Adobe’s Google Differentiator: Advertisers and Publishers Trust Us

Adobe has been labeled as a sleeping giant in ad tech. It recently acquired Auditude, a video ad management and monetization company, data manager Demdex and search and display manager Efficient Frontier, along with its earlier acquisition of analytics giant Omniture. Adobe’s spending spree has a sharp focus: building a formidable challenger to the major players in data, publishing and yield optimization. Brad Rencher, general manager of Adobe’s Omniture, is a technology industry veteran with roots in the investment banking world. Rencher, after holding various positions at Adobe, joined Omniture in 2008 and is at the center of Adobe’s charge into digital media campaign management and ad tech. According to Rencher, the company has big ambitions in marketing.

What’s behind these recent acquisitions? 
We want to help advertisers and marketers run their businesses across every channel – display, mobile, video and social. In this day and age, there isn’t a marketer or an advertiser that is just thinking about one channel. Every campaign is inevitably going to be multi-channel.
So is this part of a strategy for Adobe to directly challenge Google and the other major players on multiple fronts? 
We have very big aspirations for what we want to do in this market, and I think we are uniquely positioned because Adobe is looked at as trusted party by publishers and advertisers. We can come in from the optimization and technology standpoint to leverage their data. At the end of the day, we are data people. We have the content heritage from Adobe so we understand content creation, but we know that digital marketing is about actionable insights from data, and being able to act on that data to create better monetization. So you’re going to see us not only bring in a fully integrated platform for advertisers and publishers to use in the market, but we will continue to be aggressive in building and buying other technologies.

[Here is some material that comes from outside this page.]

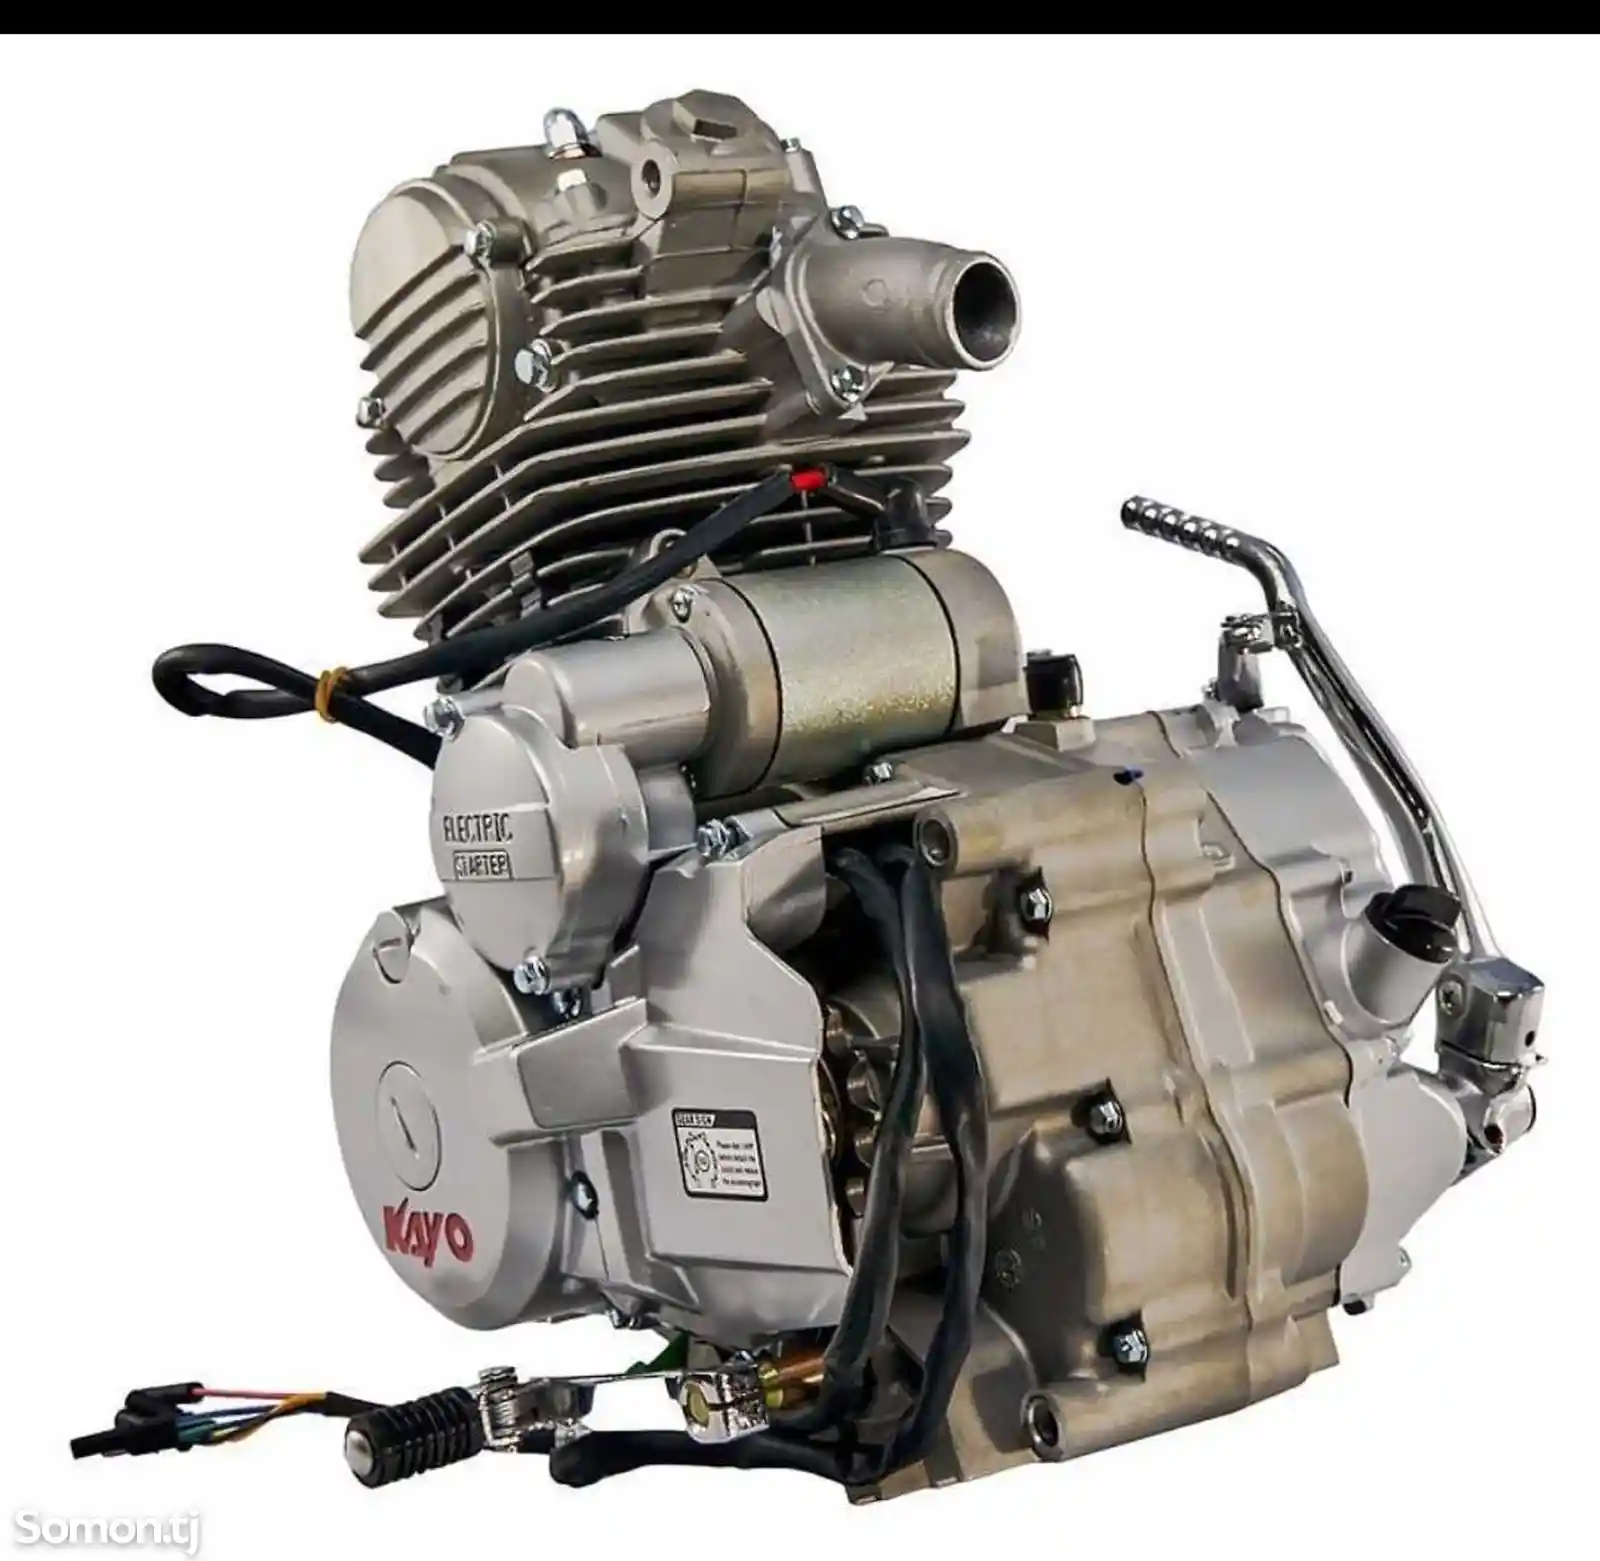 Двигатель Kayo 250 куб-2

We have eight of the top 10 retailers in the world on our platform, for example, so from the buy-side and the sell-side we are in a very trusted position with major clients.

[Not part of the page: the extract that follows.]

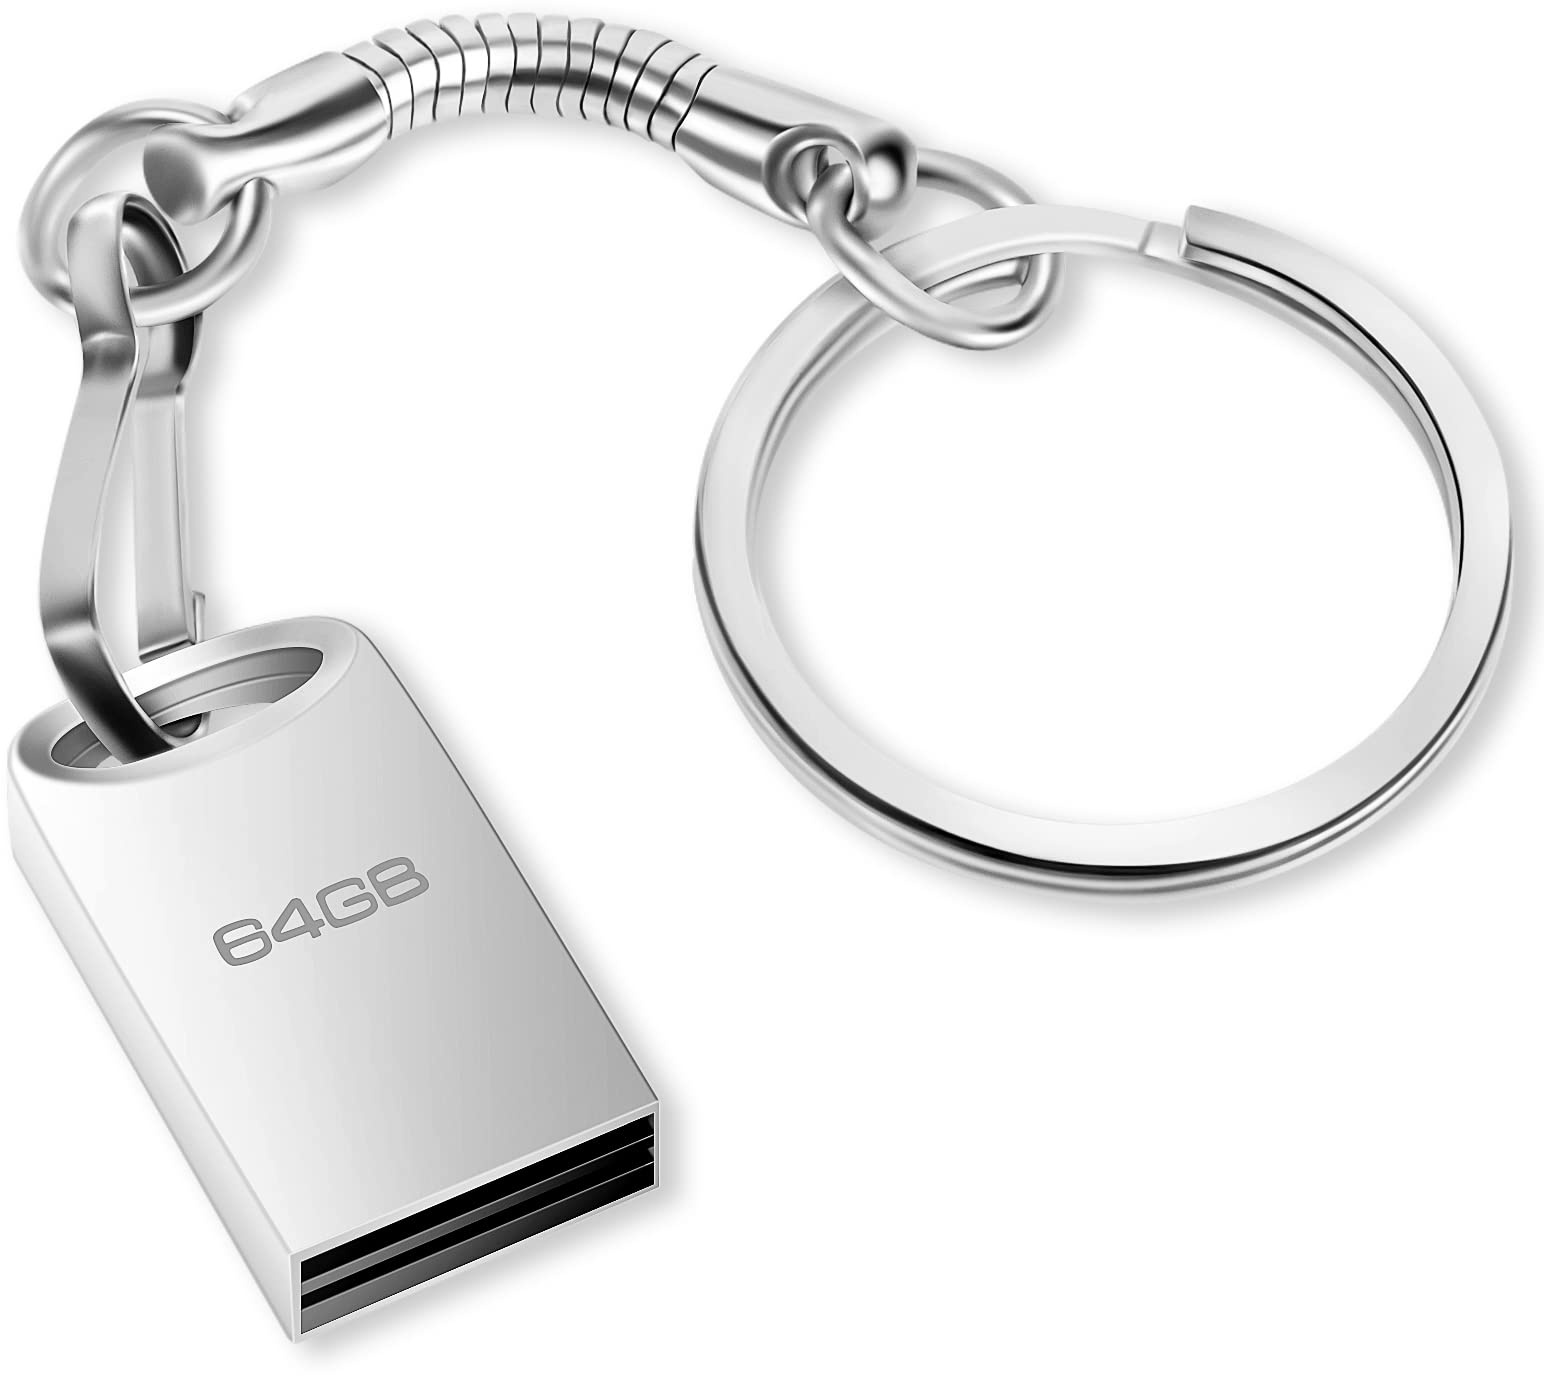 USB Stick 64GB, Mini Speicherstick 64GB USB 2.0 Flash Laufwerk 64 GB Metall Pen Drive Memory Stick mit Schlüsselanhänge für PC, Laptop, TV, Lautsprecher, Auto, Externer Datenspeicher etc (Silber)

We use the phrase “ad tech clutter” a lot in this industry. What are some practical steps Adobe will take to make the process of dealing with ad tech more manageable for marketers and brands?
Yes, it’s obvious when you look at the Luma landscape, with 1,500 logos crammed on a page, that there is real clutter. Critical areas in technology tend to evolve as point solutions — ad technology is included in this. Point solutions pop up to solve a particular issue for a channel or another part of a larger problem. This develops until each point solution develops an ecosystem of its own. The way I see it, marketers want technology companies to get out of their way. They don’t want a social data company, only focused on social data and social performance in their way. Marketers and advertisers run their businesses in a multi-channel world and they want their data and their data assets to be multi-channel. So you are going to see, from us, a few suites that solve those problems — sort of “correction” technologies that will address these issues. Companies want a single throat to choke, and you are going to see these point solutions fade away.
So you’re saying that point solutions are going to fade away, but they haven’t yet. Is this up to clients to just demand less fluff and more value from ad tech vendors? What is Adobe doing about it?
Everything in this is eventually measurable. This can take the guess work out of determining what you need as a marketer and what you don’t. But that comes at a cost of having a lot of data. Marketers can have so much data that it is overwhelming. So we are currently working on this here, it’s in lab right now, I call it “the virtual analyst.” It’s basically our version of predictive analytics. Data and predictive analytics are going to change the way we think about marketing and doing their business. What we are going to do is help clients comb through these large data assets and help them find what’s important, what they should pay attention to. So I think that our predictive virtual analyst is something that will help them do that — and we’re really excited about it.
What are major big data issues that your clients are dealing with?
We’re excited to see the term big data being used so much. We’ve been doing big data for more than 12 years. We’ve been in the analytics market since the late ’90s. At this point, we’re measuring 1.4 trillion transactions per quarter, and we completely renovated the architecture of our system last year so that our customers can deal with their data in real time. We recently acquired Demdex, for example, and this supports what we are doing with big data. What marketers want to know is who their audience is and how can they provide a customized experience on an individual level whether that customer is using a tablet or visiting a website on a laptop. They want to know how to manage their data assets. They need to not only be able to measure their data but be able to layer in other third-party data assets as well to complete that customer profile. We’re going to bring our virtual analyst product to market soon to deal with many of these big-data questions in addition to what we are already offering our clients.